Bugzilla – Bug 4712
TCK ParallelExecutionTests Issues
Last modified: 2013-09-06 19:19:42 UTC
1. testInvokeJobWithOnePartitionedStep, testStopRunningPartitionedStep, testStopRestartRunningPartitionedStep - How does this test that anything other than a successful run happened (does not validate that any partitioning or parallel execution of any kind actually occured)?
2. testStopRestartRunningPartitionedStep - Doesn't validate that the state of the job is maintained between runs.
3. testInvokeJobSimpleSplit - job_split_batchlet_4steps has an invalid next element in it so the job shouldn't even start.

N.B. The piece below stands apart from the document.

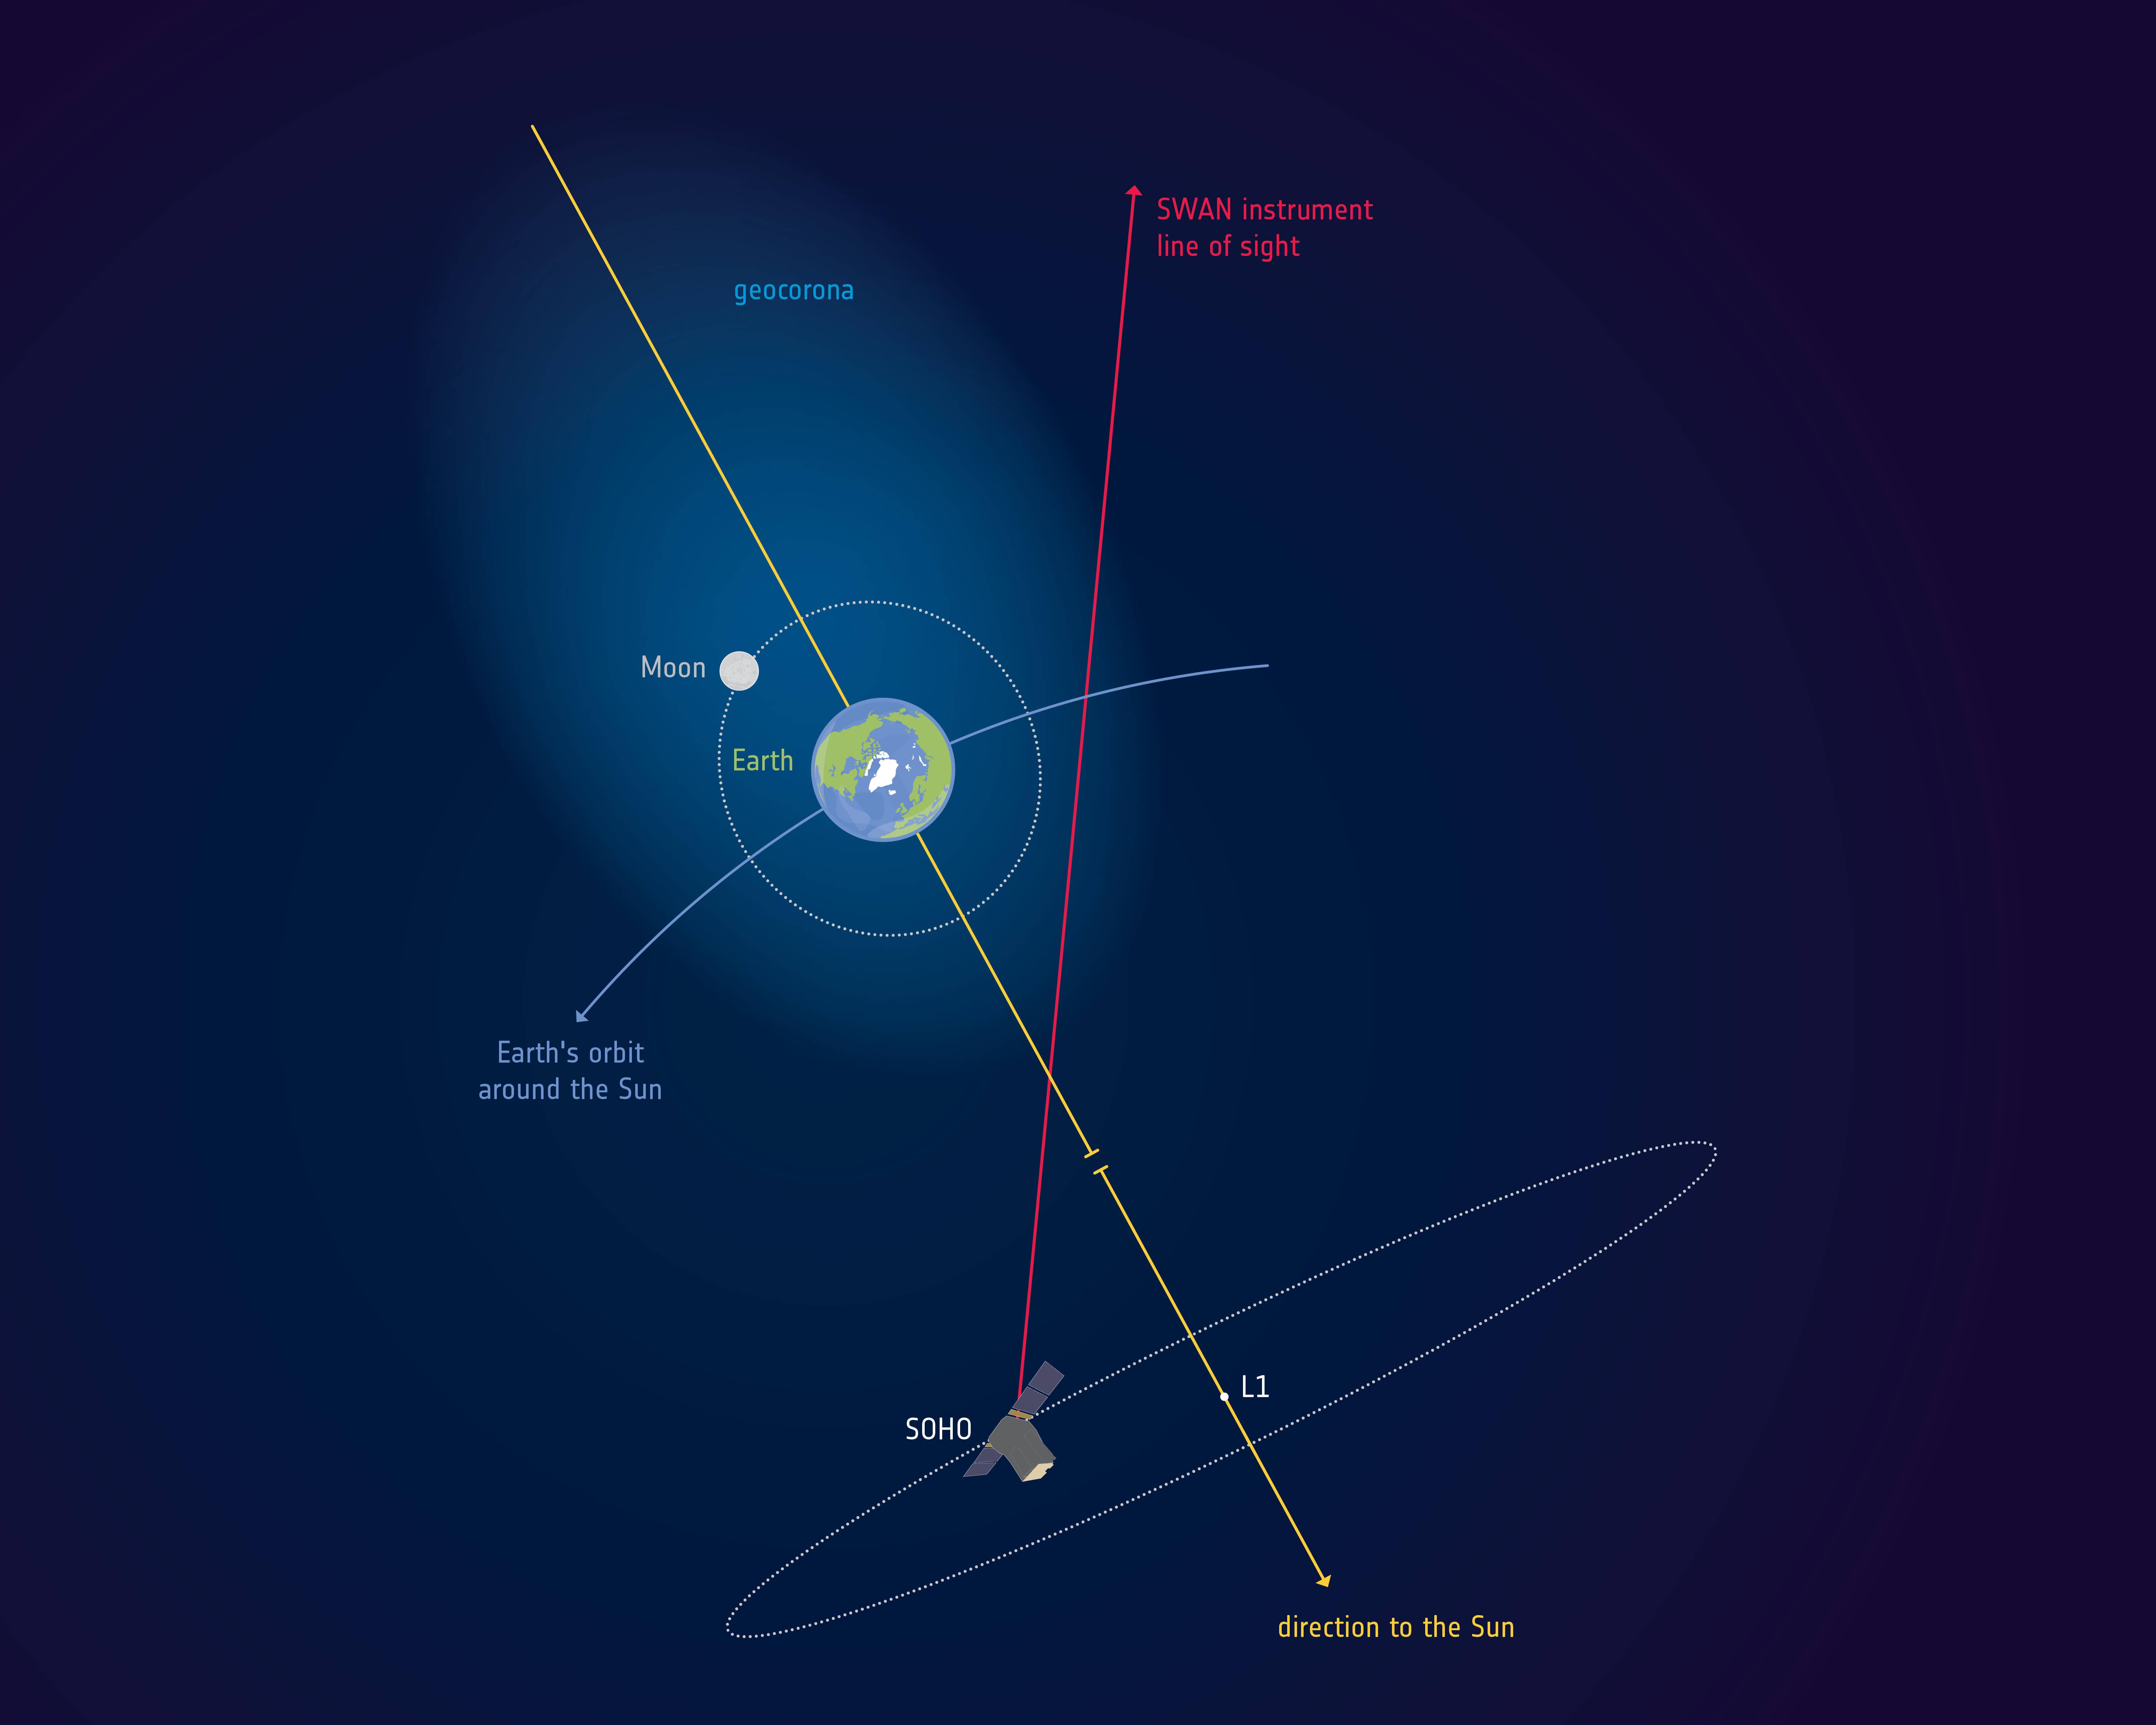 To infinity and beyond! Δεν φαντάζεστε μέχρι που φτάνει η ατμόσφαιρα της Γης

This test does not validate that anything is executed in parallel.
4. testPartitionedCollectorAnalyzerReducerChunkRestartItemCount10 - Does not validate that any parallization occurs. Does not validate what partitions failed vs didnt. Also does not validate that the job failed for the expected reason.
I realize this is not exactly a timely response. Still, since you took the trouble to post I wanted to complete with a review.
There are no spec issues, just arguments that the tests could have been more thorough.
The first point I'll address is the thought we should have tested that parallel execution really occurs (I assume you mean, e.g., look for interleaved timestamps).
Maybe we didn't publicize this enough but we decided to stick to the letter of the spec, which doesn't prevent an implementation from using a single thread serially to execute each of a step's partitions.
(Though as we just discussed yesterday, coincidentally, we do assume you have at least two threads in that the job executes on a different thread than the JobOperator client).
Replying to the rest of your points:
1. Agree these tests are performing very minimal checks. Maybe stop is a bit interesting in that, assuming the impl is partitioning, we're forcing you to confirm that you view the overall job is stopped. But even for this one, and for the others, there's no checking that we are indeed running partitions.
2. Not sure what you meant by "state of the job" not being maintained. I'll make the observation that it would have been much better to test that the persistent data was maintained across the restart. This is non-trivial since each partition is supposed to get its own copy of the persistent user data. Too bad we didn't include that here, as I don't see it in the later tests either.
Another miss: we probably should have forced the issue in confirming that setting the exit status on a partition thread has no bearing on the job's exit status. The JobContext is just a thread local copy. You noticed this behavior in splits and were a bit surprised by it, so it's clearly non-trivial and would have been nice to cover. (I don't see us covering this elsewhere).
3. The invalid @next has been removed
4. I see your point that the test could indeed pass if any two partitions were to resume and then execute a single chunk (really only partitions #1 and #2 should restart but never partition #0).
Still, this let us test more easily and I'd guess most implementations that pass will have indeed implemented this correctly, though it would have been even better to verify as you mentioned.